- _EXERCISE REQUIREMENTS_:
Print exactly the lines from the one that contains "Asus AC1900 Whole" through the last line of the material, both included, and leave out all pictures.

- _DATASET SECTION_:
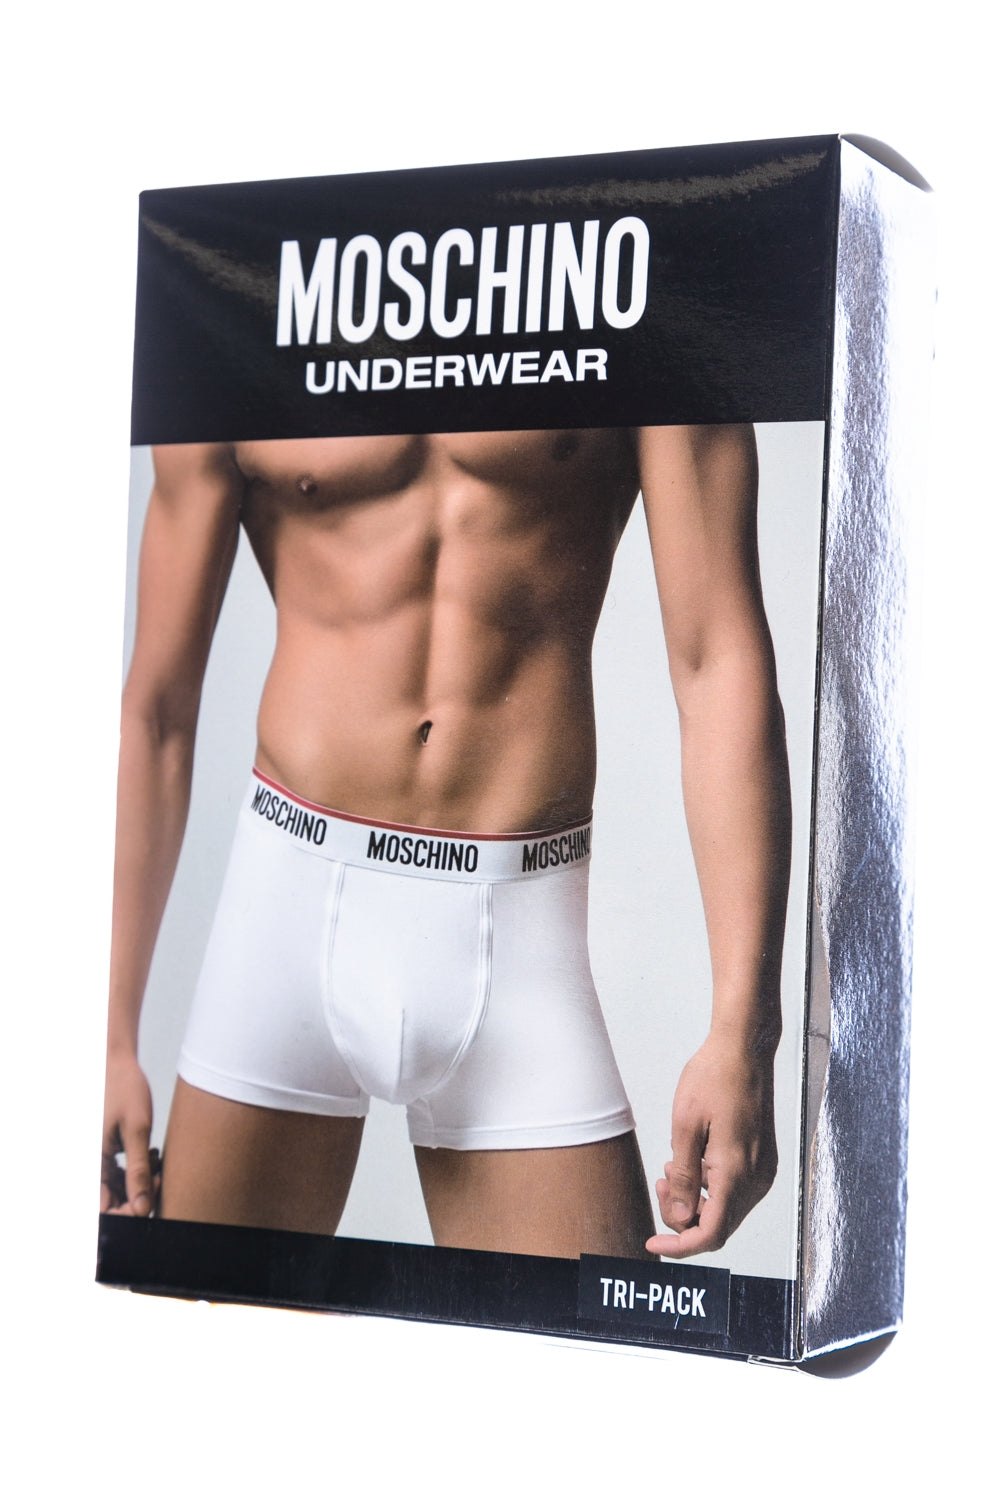 Moschino Underwear Tri Pack Boxers in Black, White & Grey Box
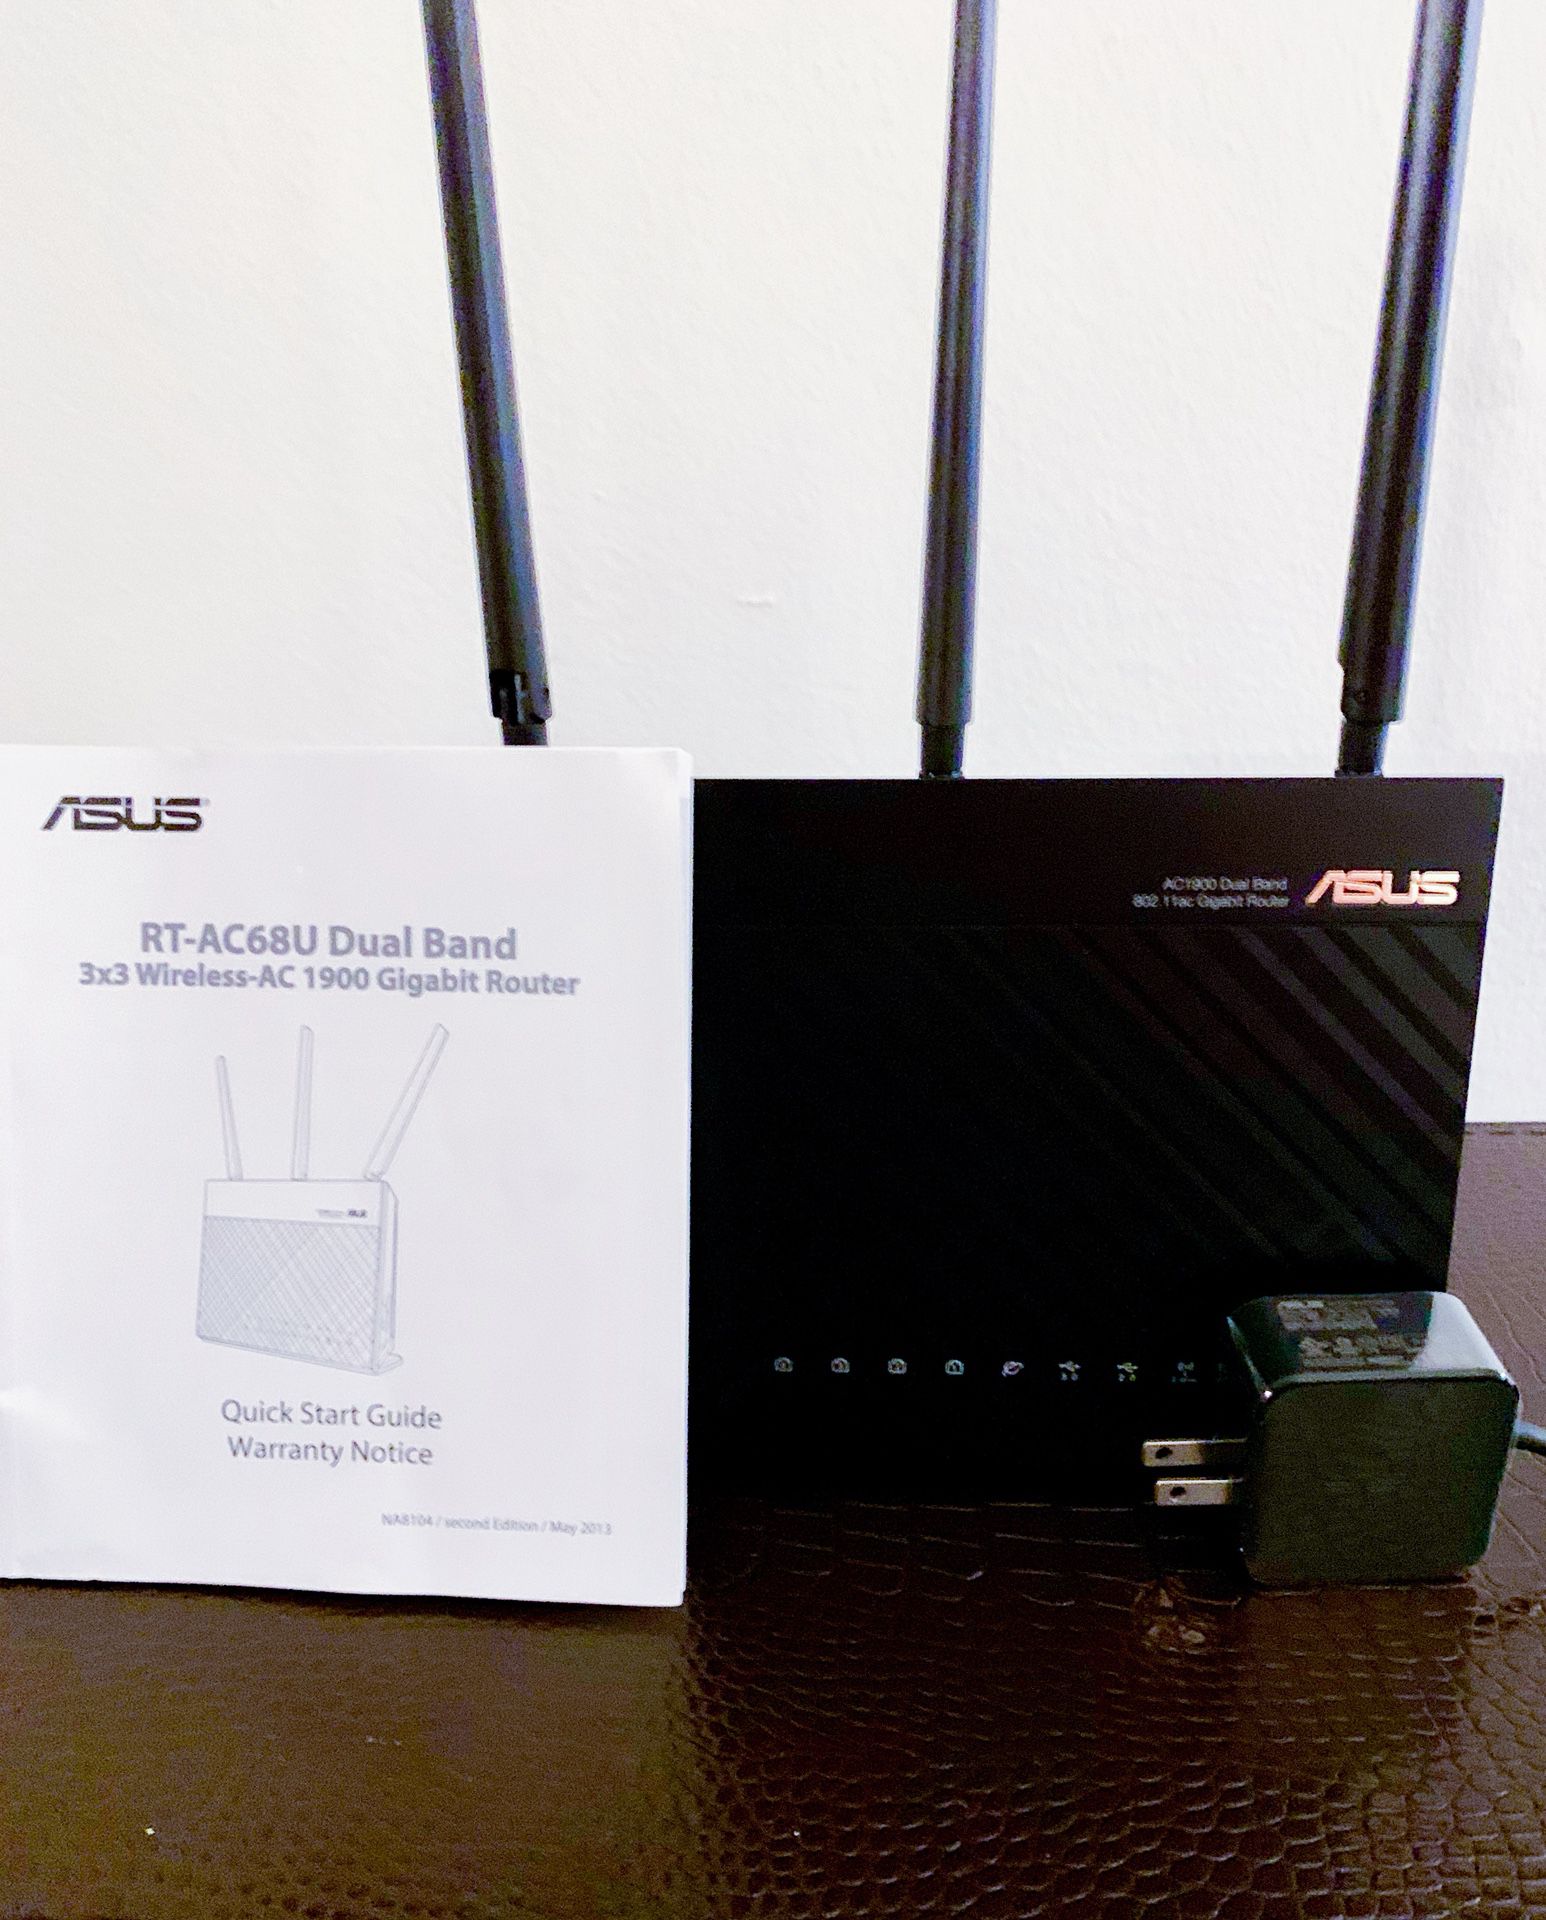 Asus AC1900 Whole Home Wireless Router - RT-AC68U - Dual-Band AiMesh
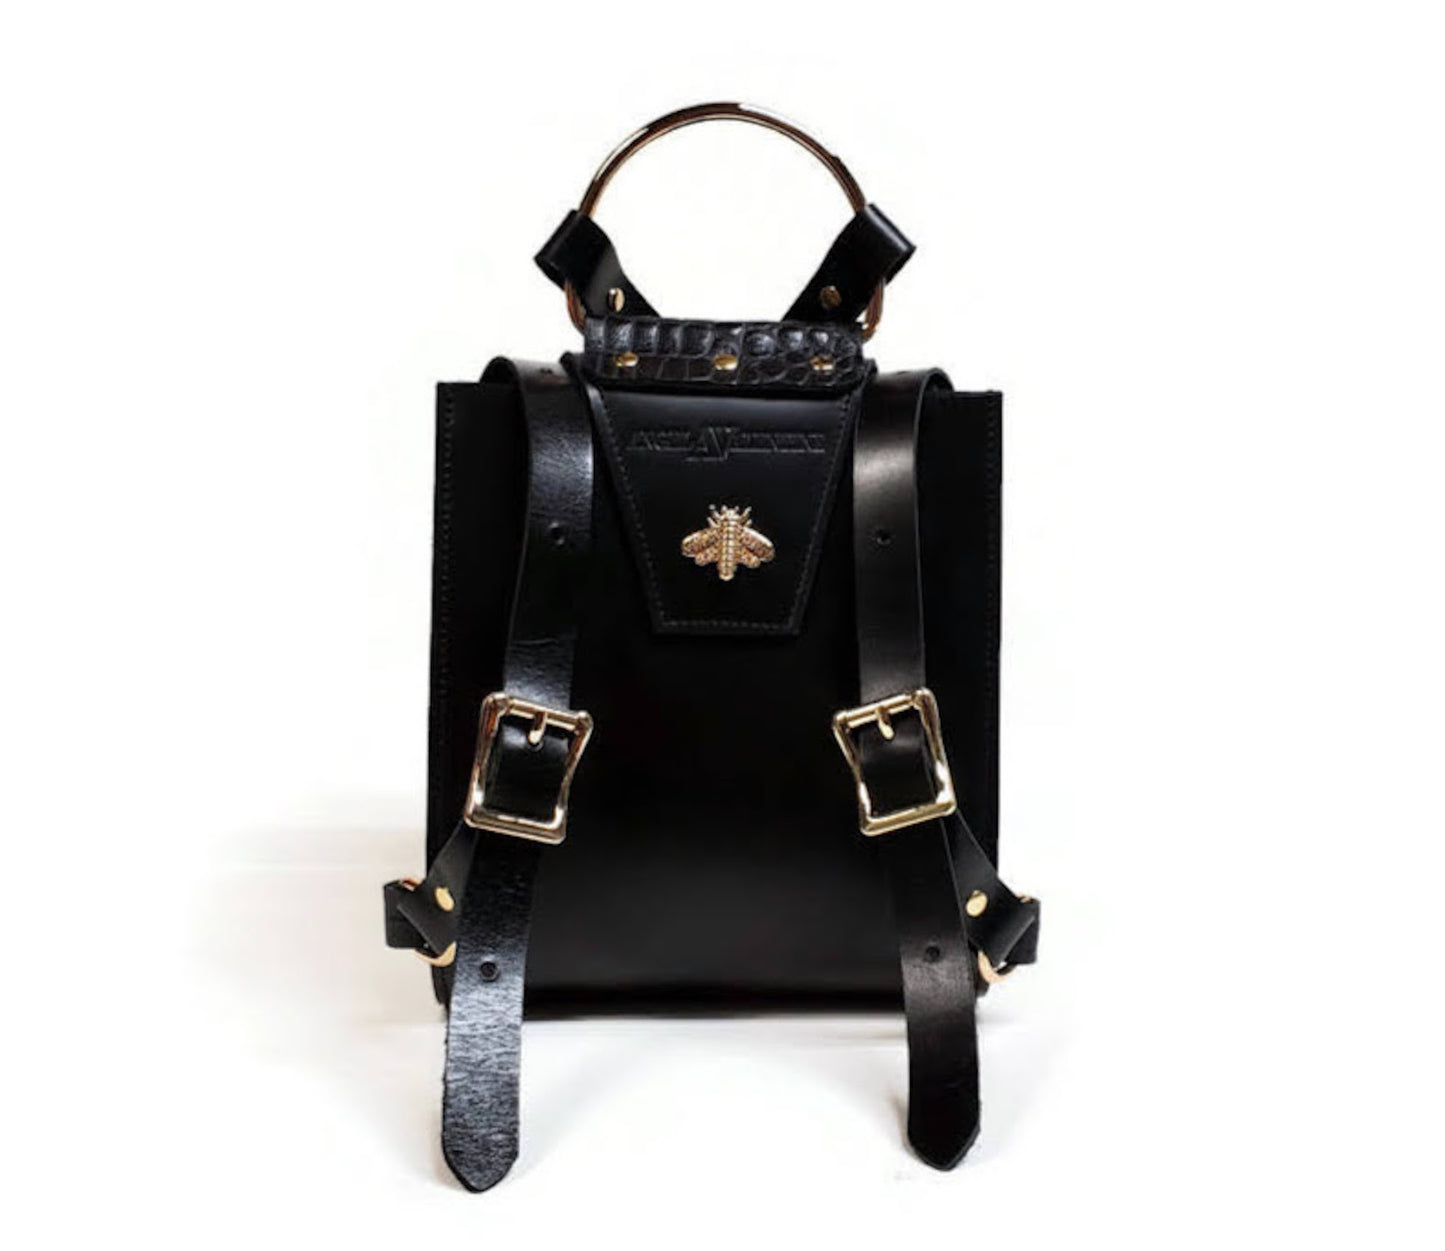 Romi backpack in black

- _ANSWER BOX_:
 Asus AC1900 Whole Home Wireless Router - RT-AC68U - Dual-Band AiMesh
 Romi backpack in black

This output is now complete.